We then verified whether p53-family Responsive Elements (RE) were present in the regulatory regions of the ACE2 gene. For this purpose, we queried the p53Fam-Tag database (32) and identified one strong putative p53/p63-RE composed by three decamers in the first intron of the ACE2 gene (Fig. 3B). To evaluate the in vivo recruitment of ΔNp63α on the identified p53/p63-RE, a Chromatin ImmunoPrecipitation assay (ChIP) was performed. Cross-linked chromatin from A431 cells treated with LPS 0.5 µg/ml for 2 hrs was immunoprecipitated with anti-acetylated H4-histone or anti-p63α Abs. In the presence of LPS (i.e., 2 hrs treatment), but not in the untreated control cells, ΔNp63α was consistently recruited on the p53/p63-RE of the ACE2 gene (Fig. 3D). The increased p63 occupancy was accompanied by an increase in histone H4 acetylation (Fig. 3D) and, consistently, in ACE2 protein levels (Fig. 3C). As negative control, the exon 8 of the ACE2 gene, not containing any p53/p63-RE, was not amplified in the same samples (Fig. 3E). Taken together, these results clearly indicate that ACE2 is a new target gene of ΔNp63α.
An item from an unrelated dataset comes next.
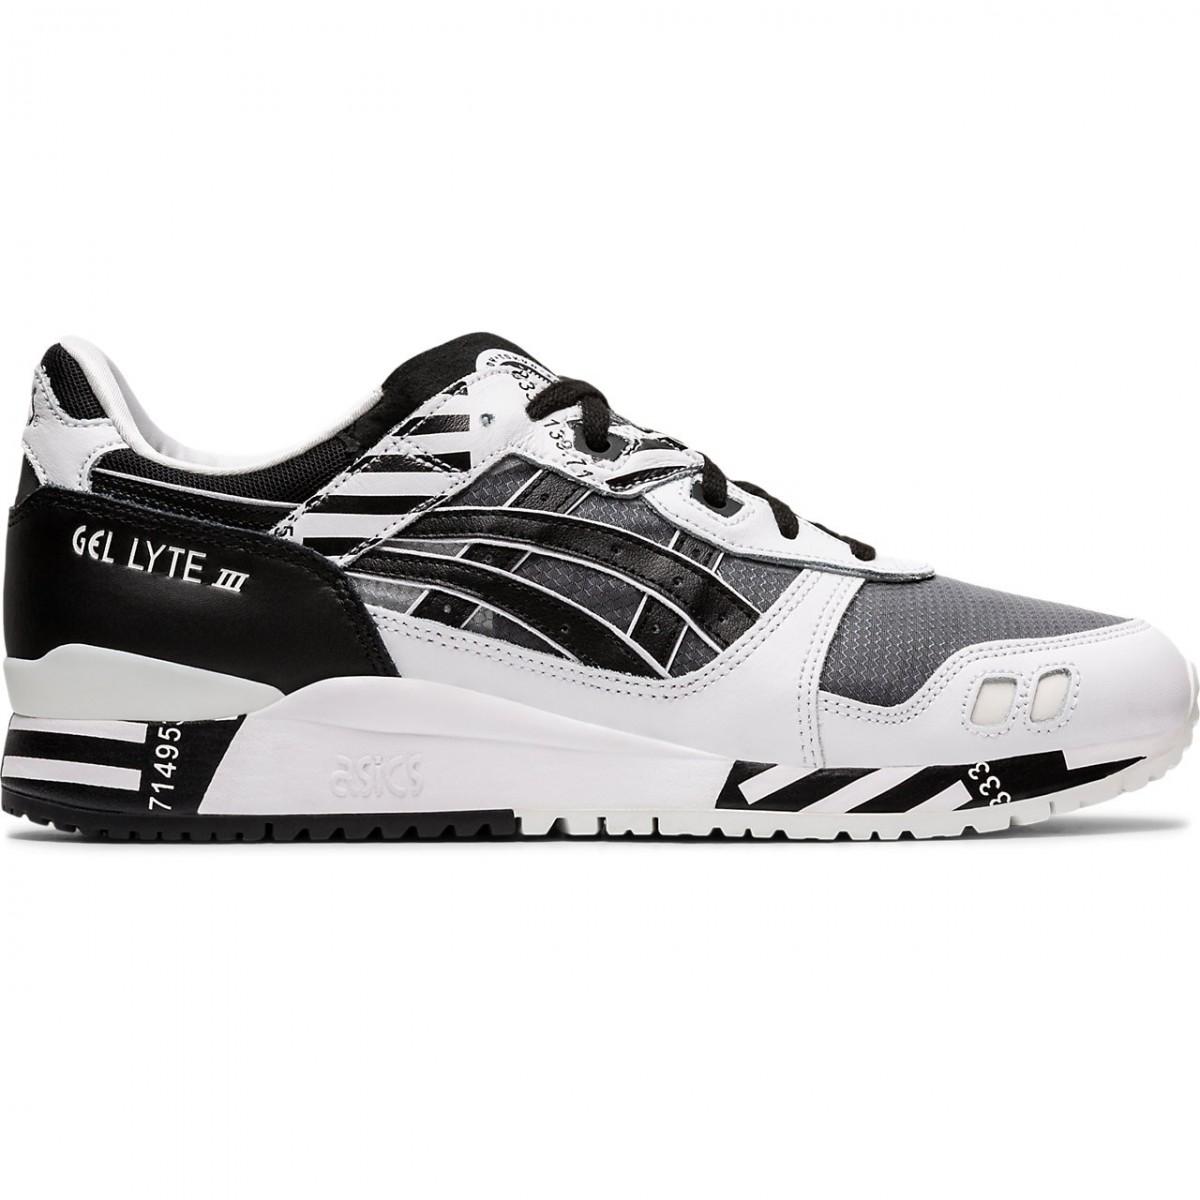 Asics Gel-Lyte III OG Sneaker

Thalidomide weakens in vitro infection by pseudo-SARS-CoV-2. It has been reported that COVID-19 patients treated with Thal had a faster recovery in respect to untreated patients (15). From the data obtained, we hypothesized that the observed protection might be due to diminished viral re-entry due to ACE2 downmodulation upon Thal treatment as a consequence of ΔNp63α degradation. To verify this hypothesis, we pretreated A431 cells with 100 µM Thal for 24 hrs before adding, for additional 24 hrs, the pseudo-SARS-CoV-2, a GFP-expressing baculovirus pseudotyped with the SARS-CoV-2 spike protein (Fig. 4A). We found that Thal pretreatment impairs pseudoviral infection in vitro, as evidenced by reduced GFP signals in the Thal pretreated samples compared with the controls (Fig. 4B and 4C).
Altogether, these data offer a mechanistic explanation of the protective effect from severe COVID-19 observed in patients treated with Thal (15).